There has been numerous times that my son can't keep away from YouTube during class so I had to setup Squid to prevent that.

I have set up basic authentication to work with Squid as well, and manage to get it to work somehow..


auth_param basic program /usr/lib/squid/basic_ncsa_auth /etc/squid/passwd
auth_param basic children 5
auth_param basic realm Squid Basic Authentication
acl auth_users proxy_auth REQUIRED



through this acl / http_access lines, I was able to directly prevent Squid from loading on the browser of the laptop:




acl U1010_clients src 192.168.254.0/24 #lan ip addresses
acl Test_Device src 192.168.254.204 #target device
acl YouTube_Service dstdomain .youtube.com .youtu.be .ytimg.com .googlevideo.com .i.google.com .ytimg.l.google.com .youtube.l.google.com
acl school_hours time MTWHF 07:30-12:00

http_access deny Test_Device YouTube_Service


but this means that, YouTube will be *forever* banned for that machine (at least while the Squid is running as proxy for that machine).

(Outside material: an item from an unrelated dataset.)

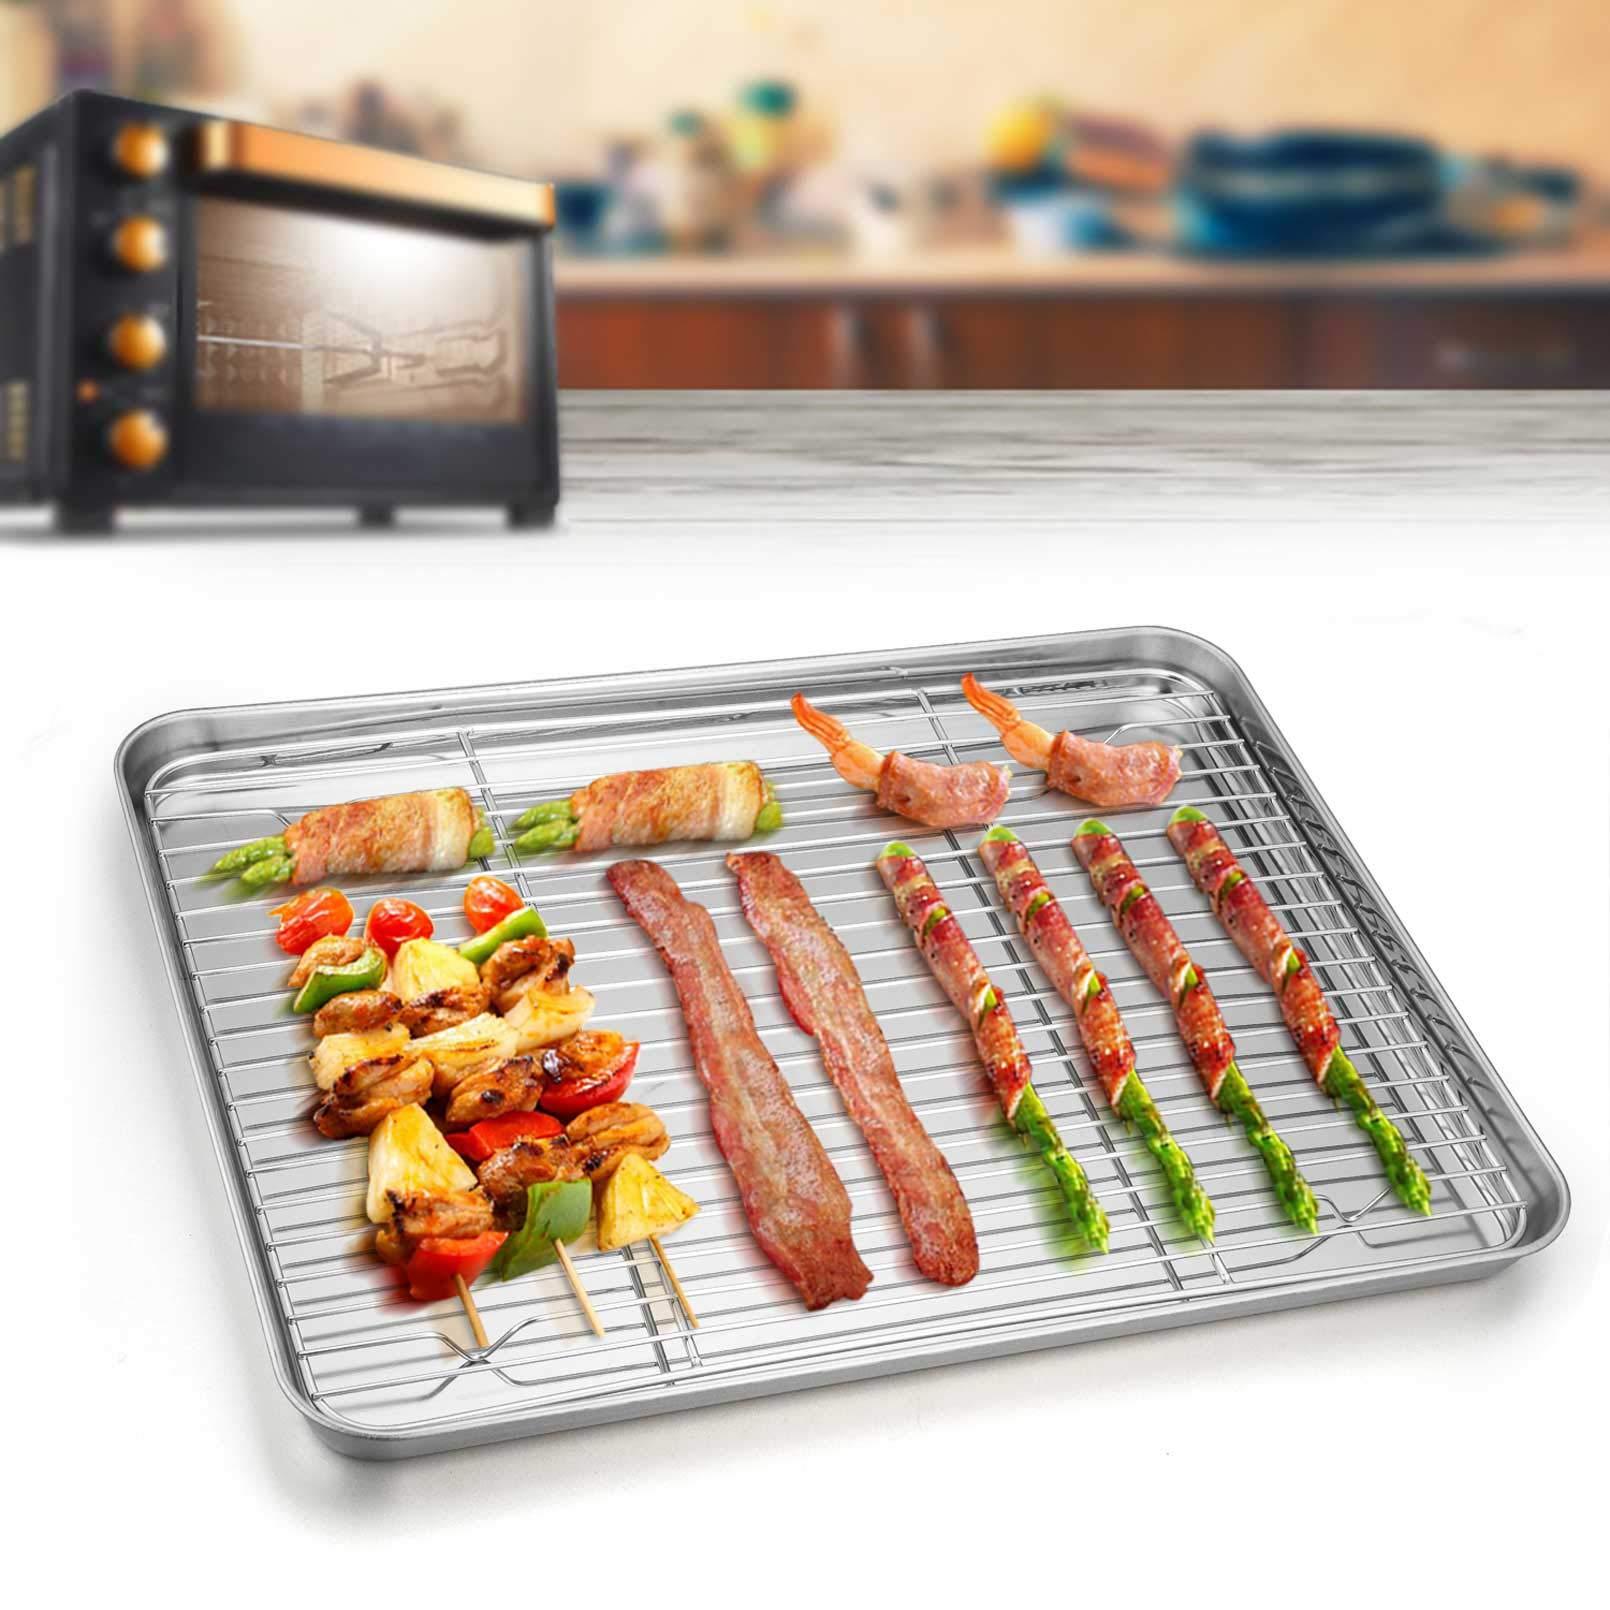 TeamFar Baking Sheet with Rack Set, Stainless Steel Cookie Sheet Baking Pans with Cooling Rack, Non Toxic & Healthy, Rust Free & Heavy Duty, Mirror Finish & Easy Clean, Dishwasher Safe - 6 Pieces - CookCave
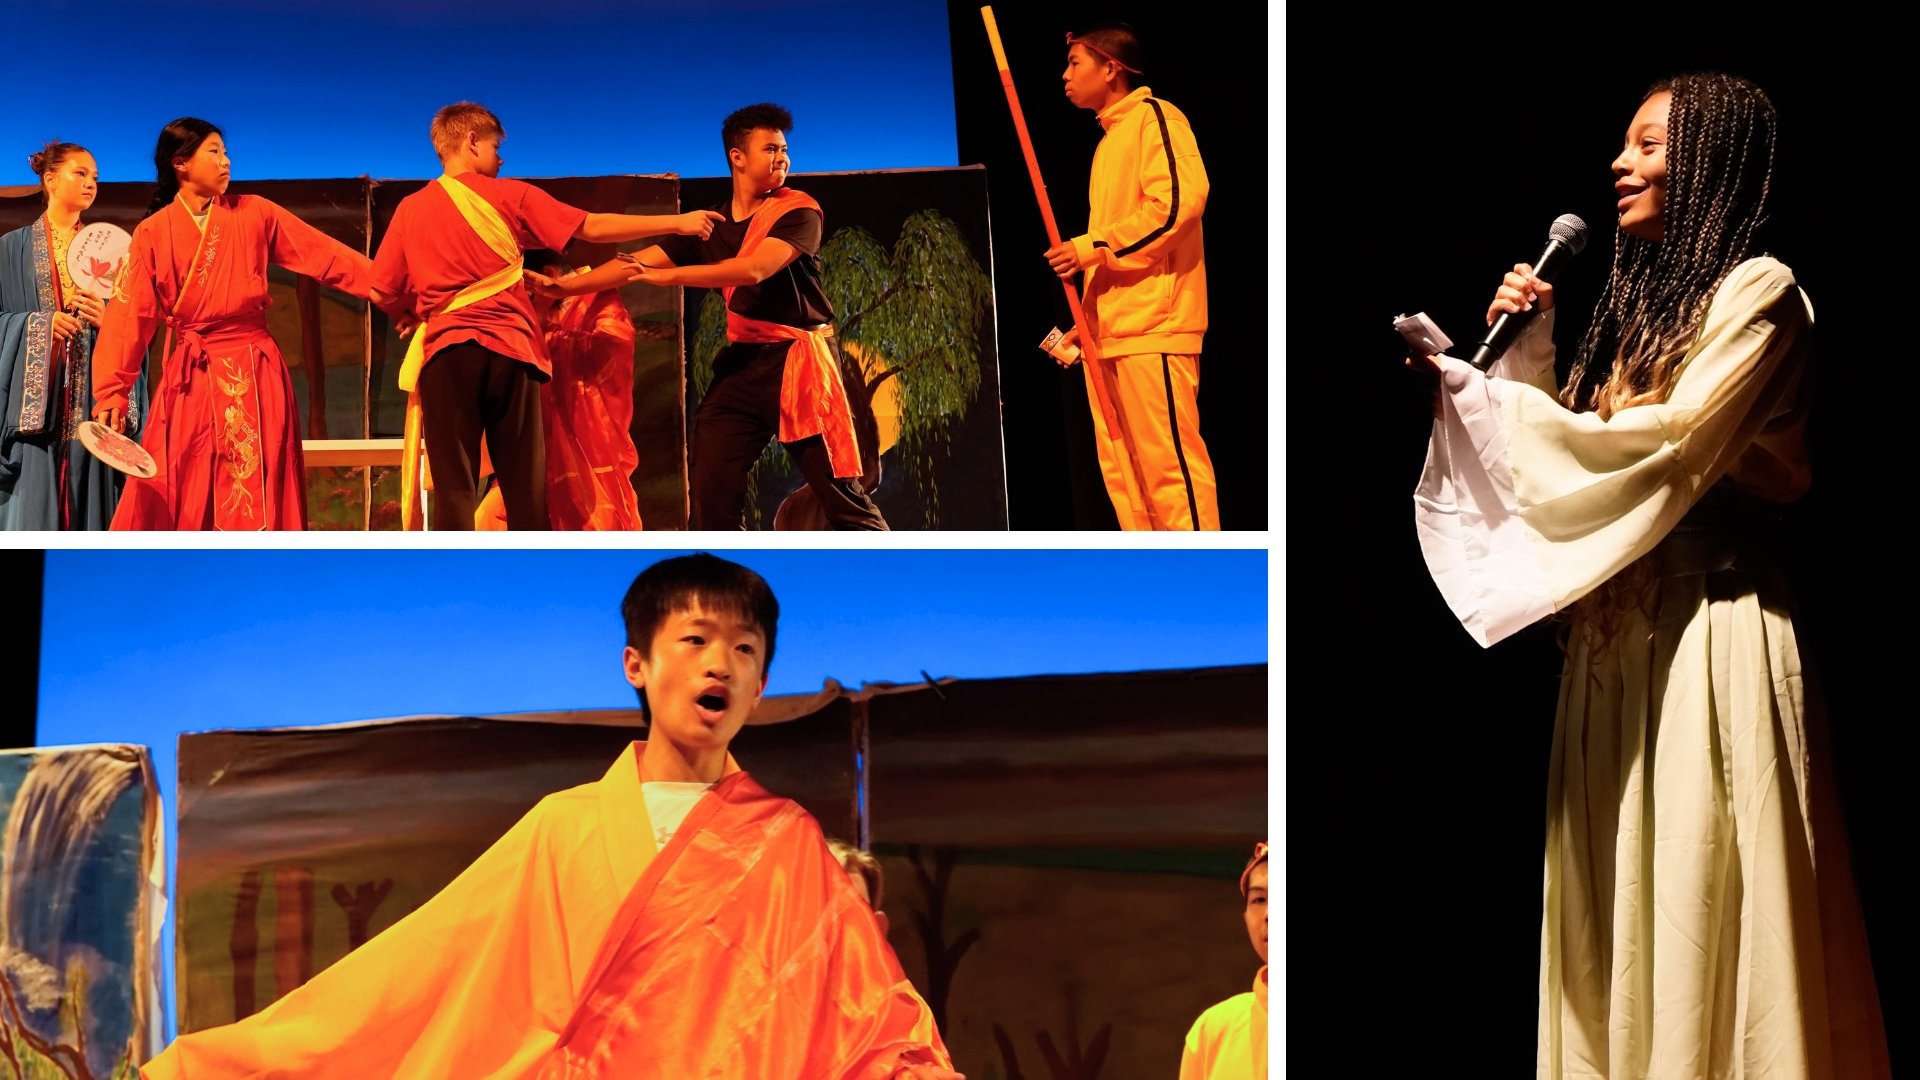 Three photos from the Chinese performance (top left the group on the journey, bottom left the monk, right the introductory speech)

But there are certain times when certain school materials will actually point to a YouTube link. So I thought that for those times, I figure my son just have to come over to me, my wife or our daughter to authenticate and my son can continue on only for that link (hopefully next time he tries to go YouTube on to watch his preferred videos, the authentication feature will kick in again and he can't get past that... have to have a way to do that right?

the question then is:

How do I prohibit YouTube for a certain device, only during school hours without any proper authentication?

further,

My testing involved having to setup the Windows client to use my Squid proxy setup. but I'm pretty sure my son would be able to find a way to disable that eventually, so I'm thinking of setting Squid as a transparent proxy.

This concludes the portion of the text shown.